» **WHAT IS REQUIRED**: From the first line to the last, restate the data exactly, leaving out the images.

───── COLLECTED DATA

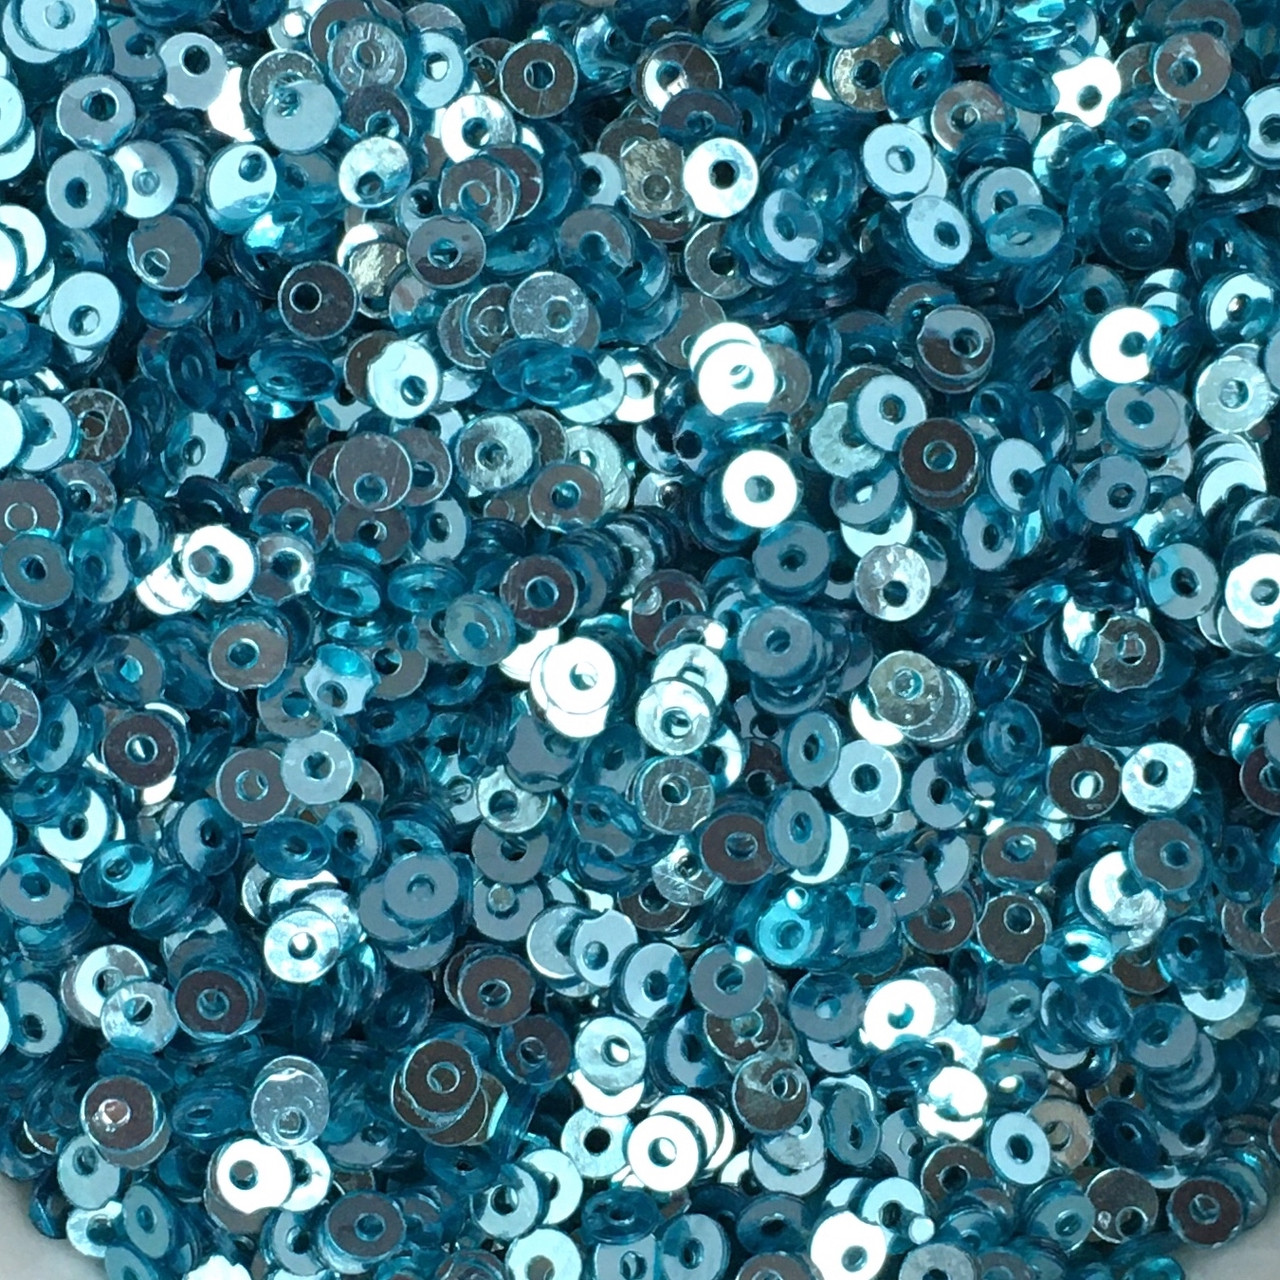 Пайетки 2 мм (Индия). Круглая плоская. Цвет: Голубой (металлик). Упаковка 5 гр.
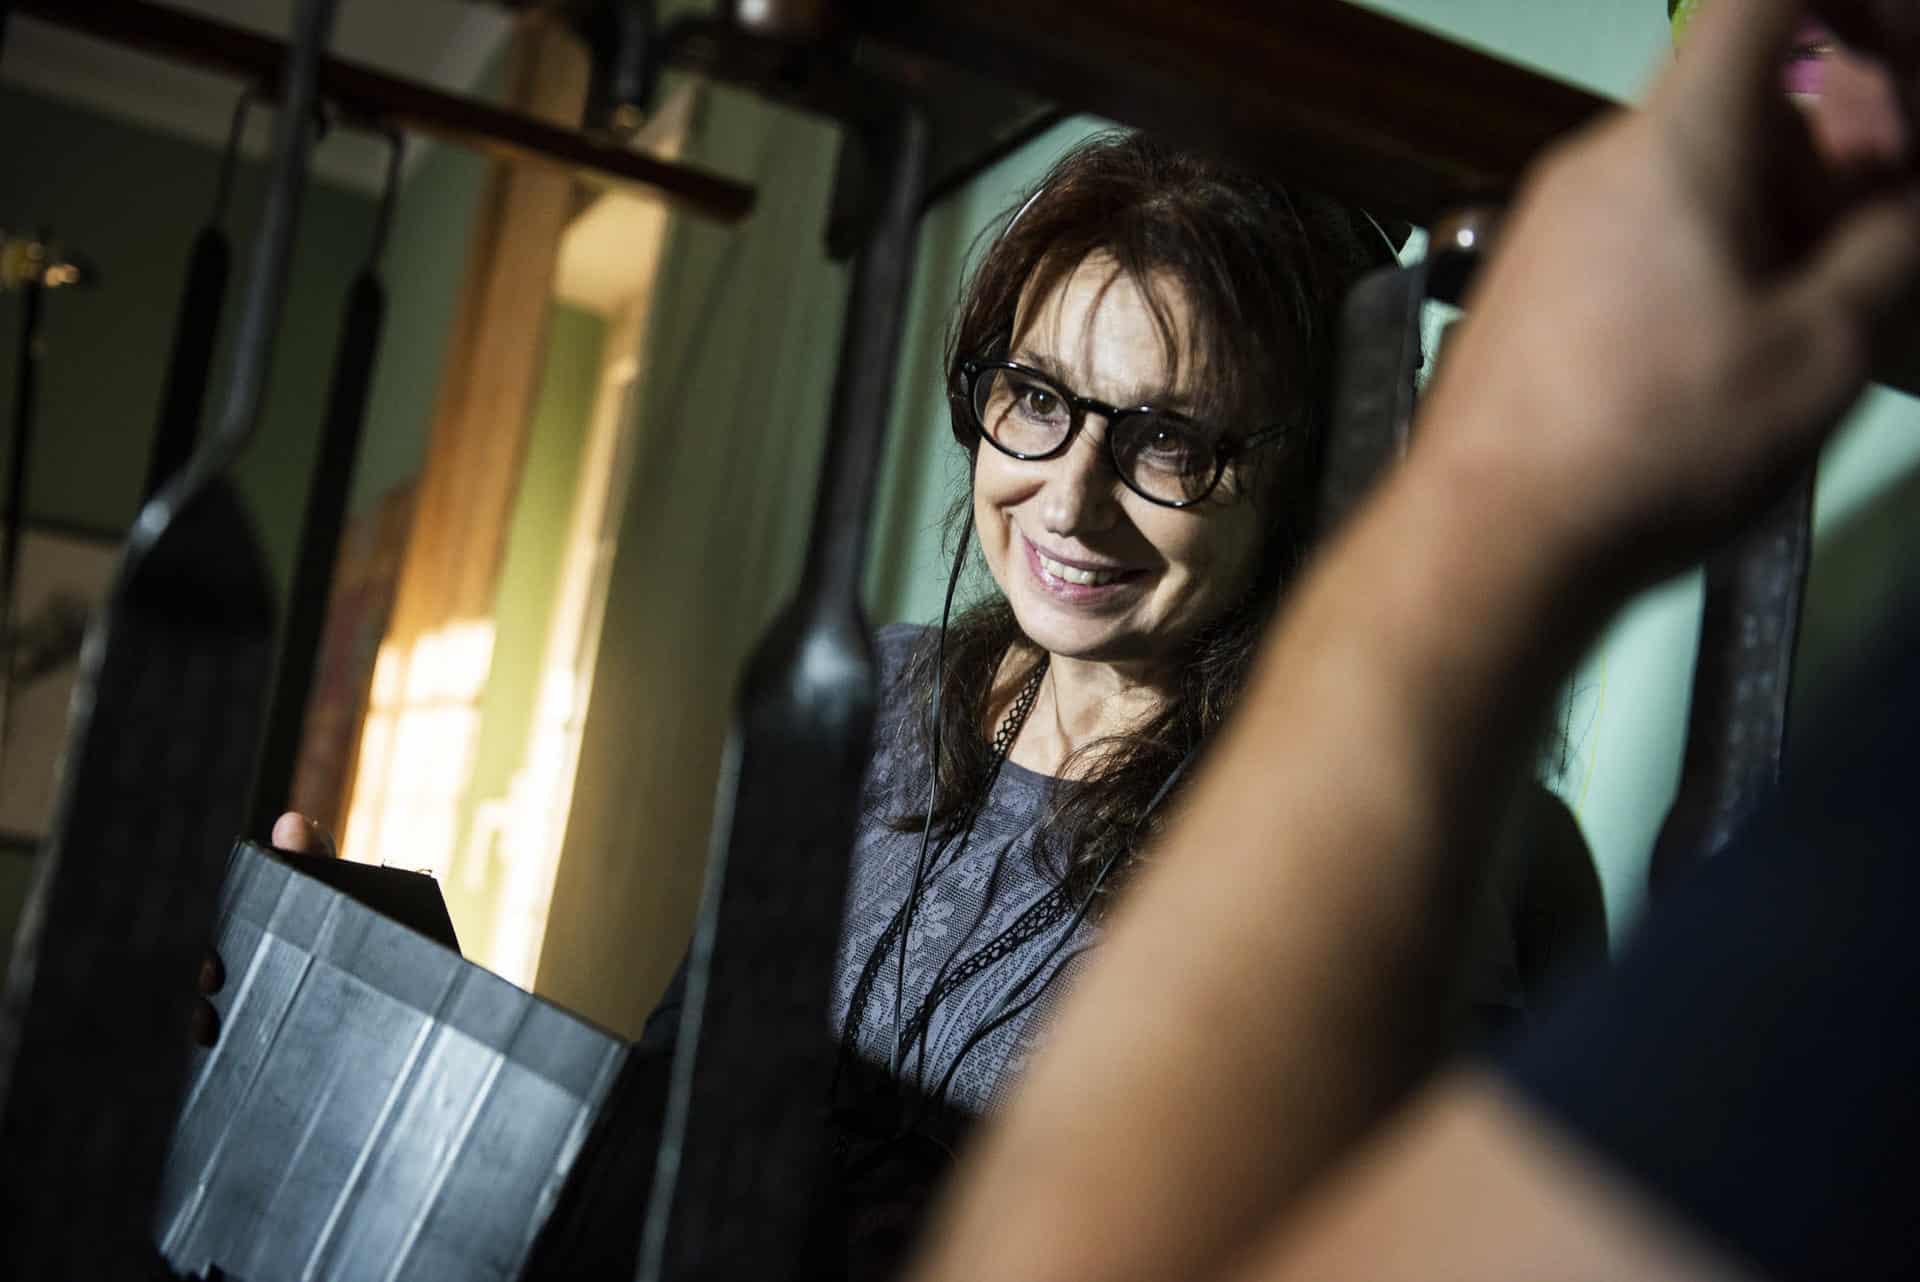 Il colibrì diventa un film per la regia di Francesca Archibugi: svelato il cast
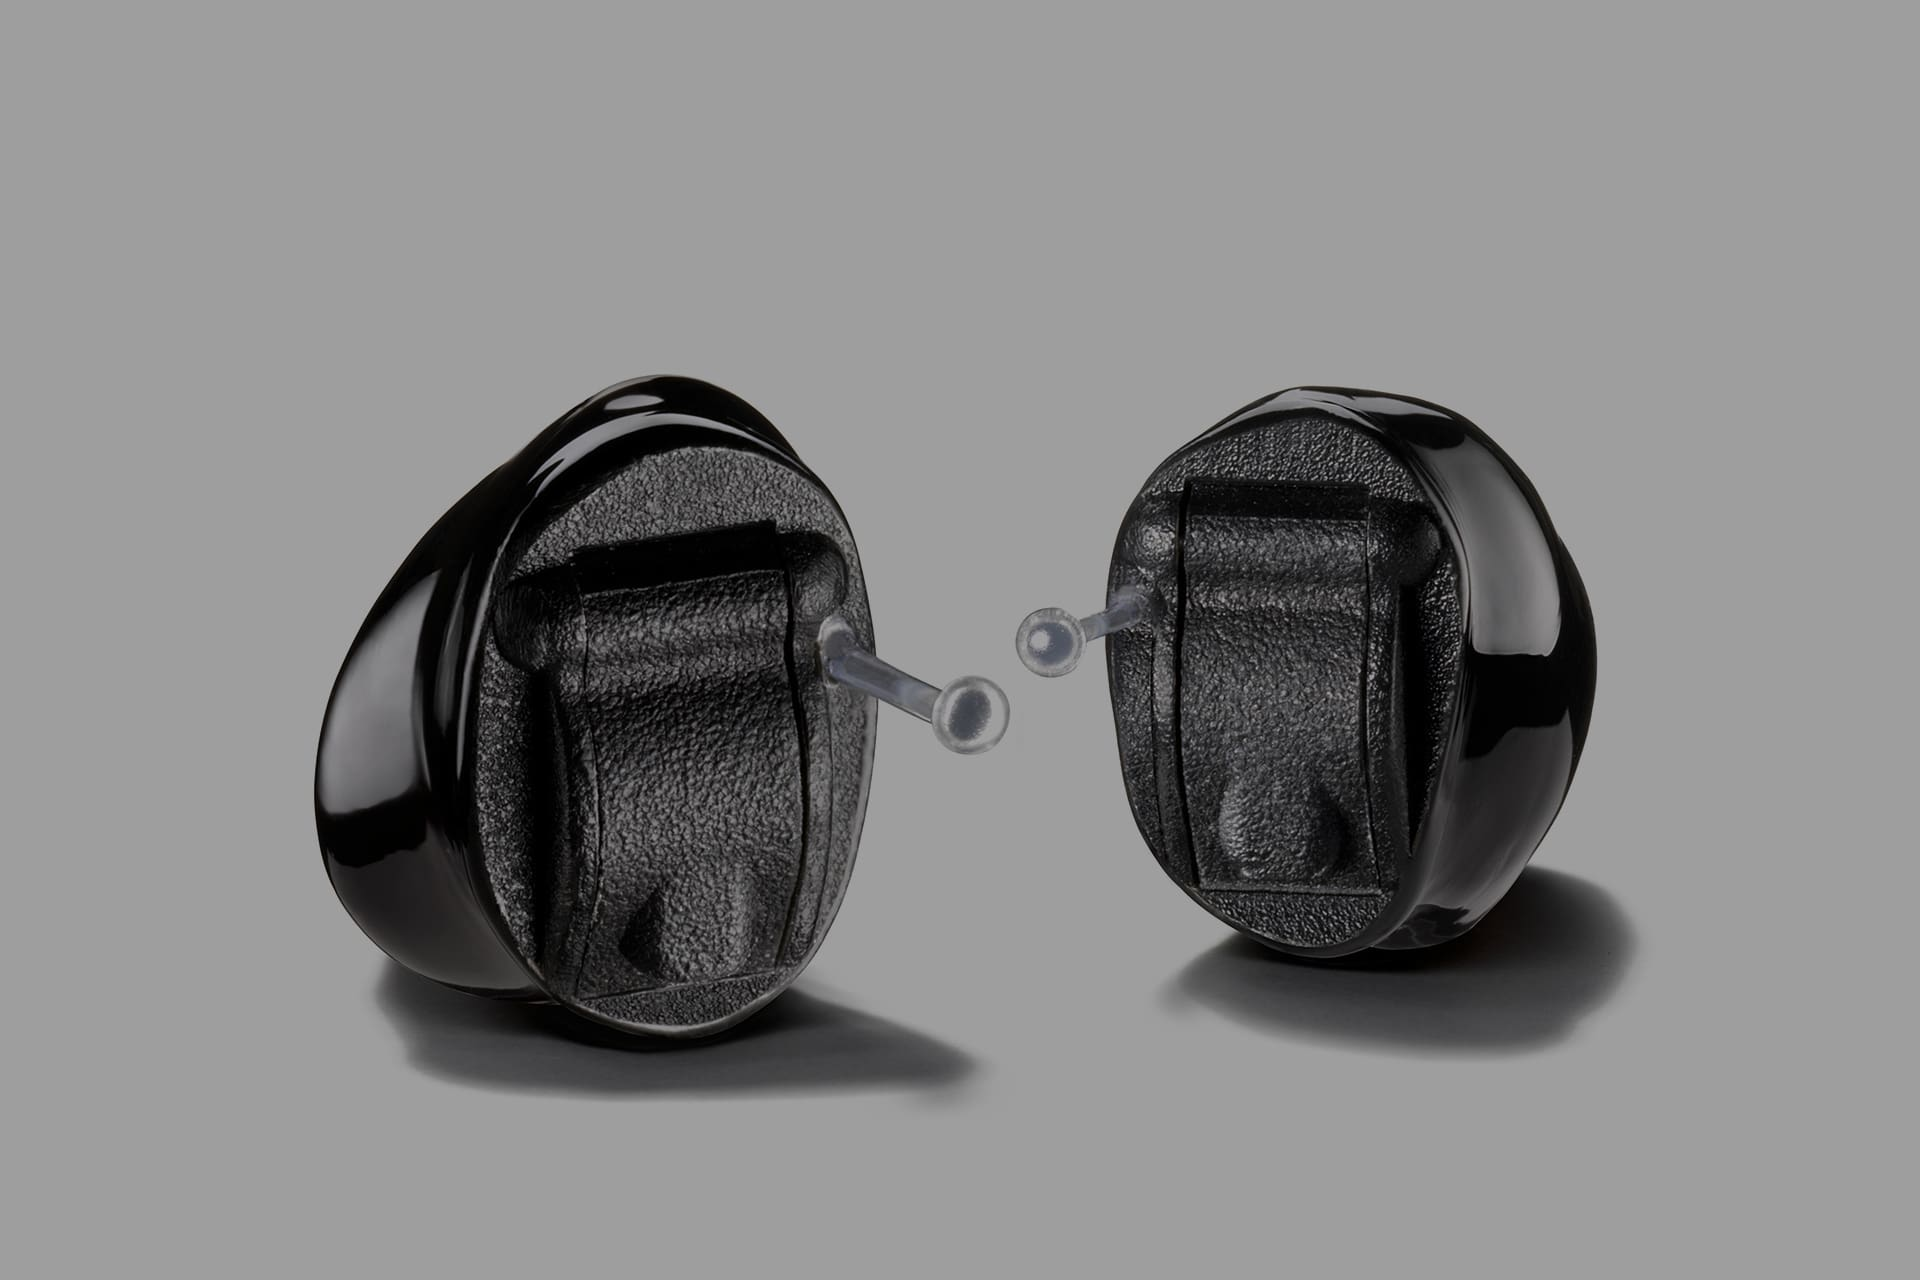 Slušni aparati
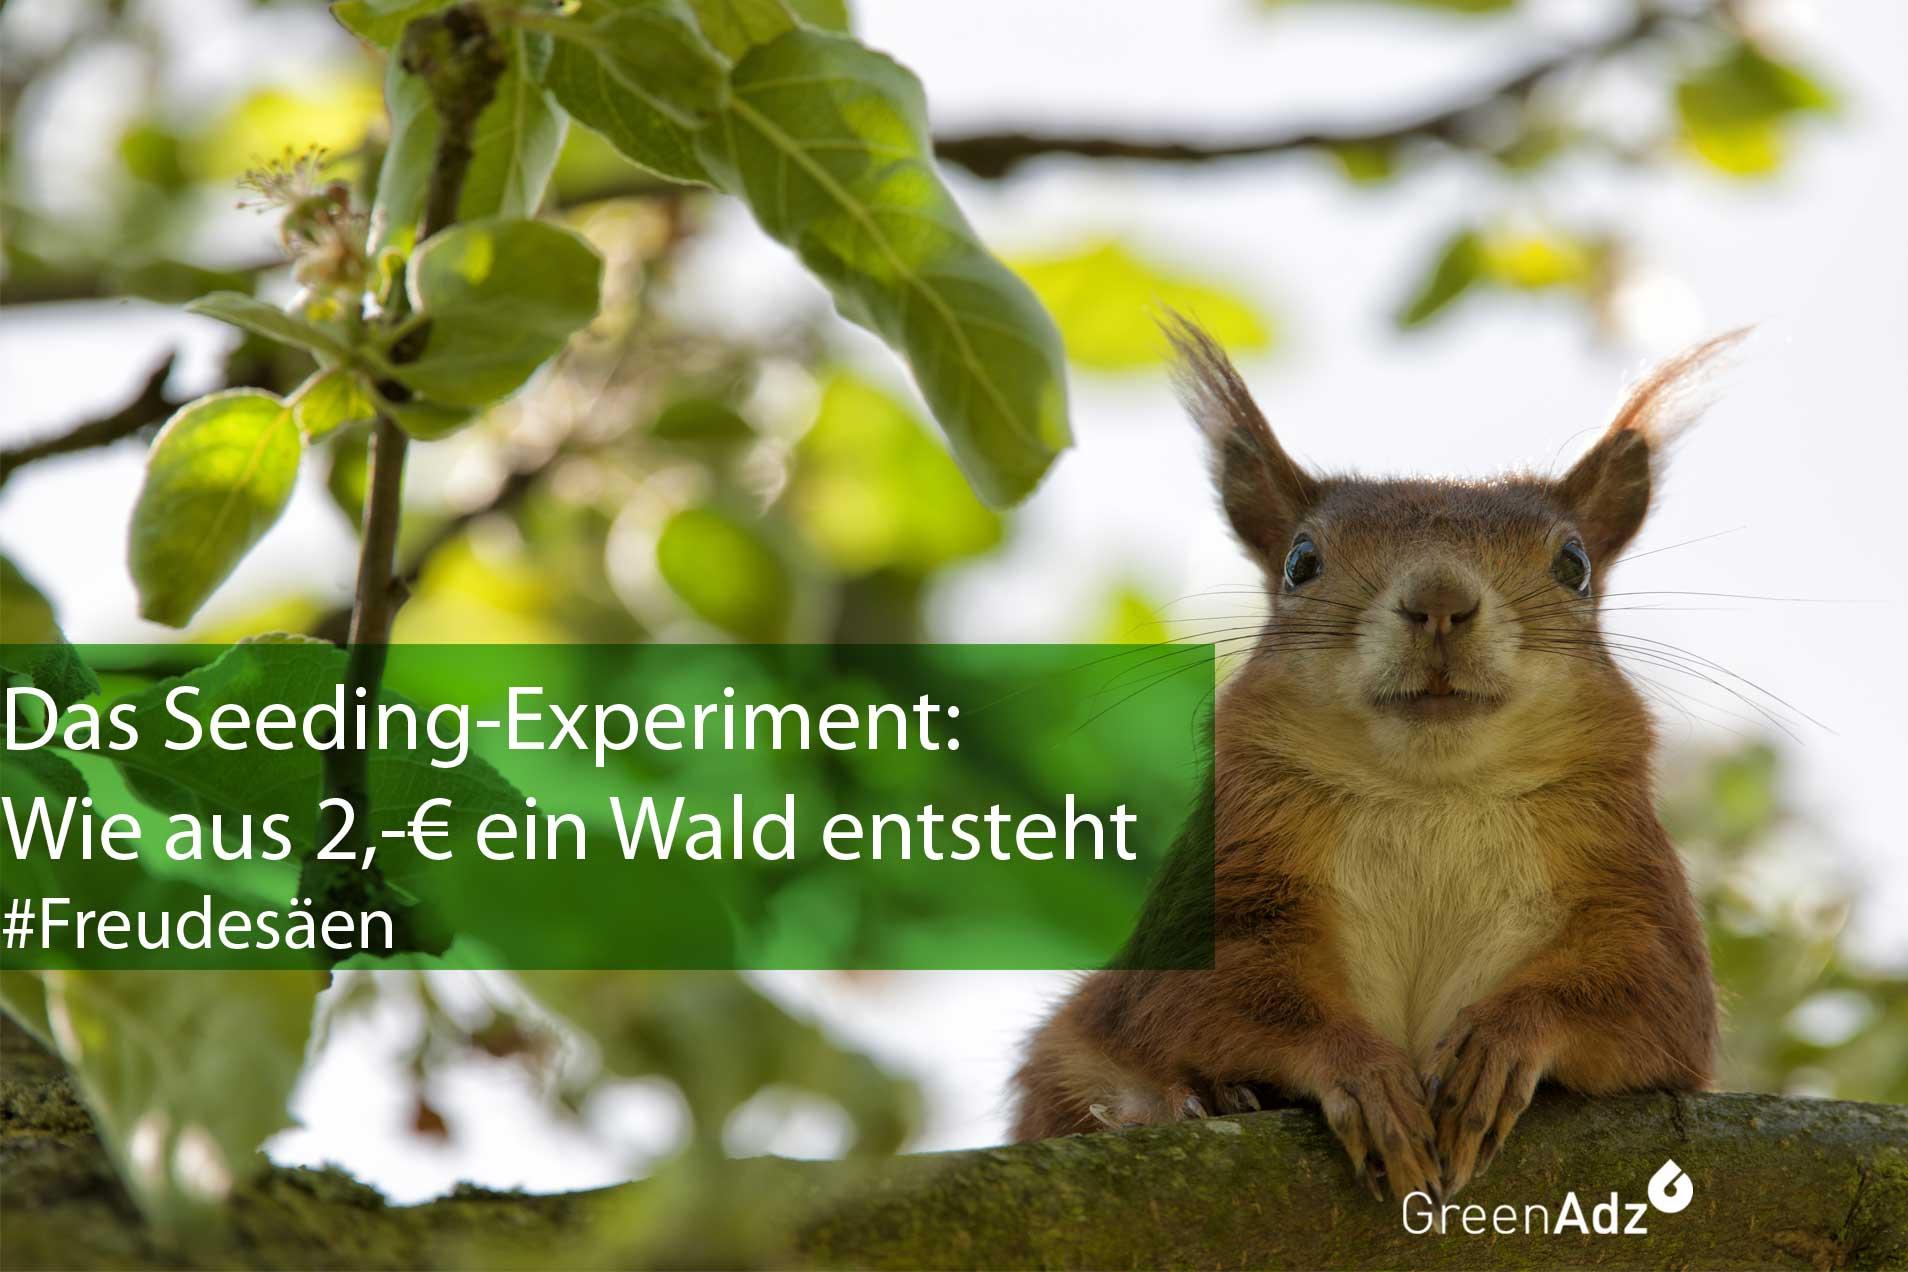 Das-Seeding-Experiment

──────────

» **WRITTEN RESPONSE**:
 Пайетки 2 мм (Индия). Круглая плоская. Цвет: Голубой (металлик). Упаковка 5 гр.
 Il colibrì diventa un film per la regia di Francesca Archibugi: svelato il cast
 Slušni aparati
 Das-Seeding-Experiment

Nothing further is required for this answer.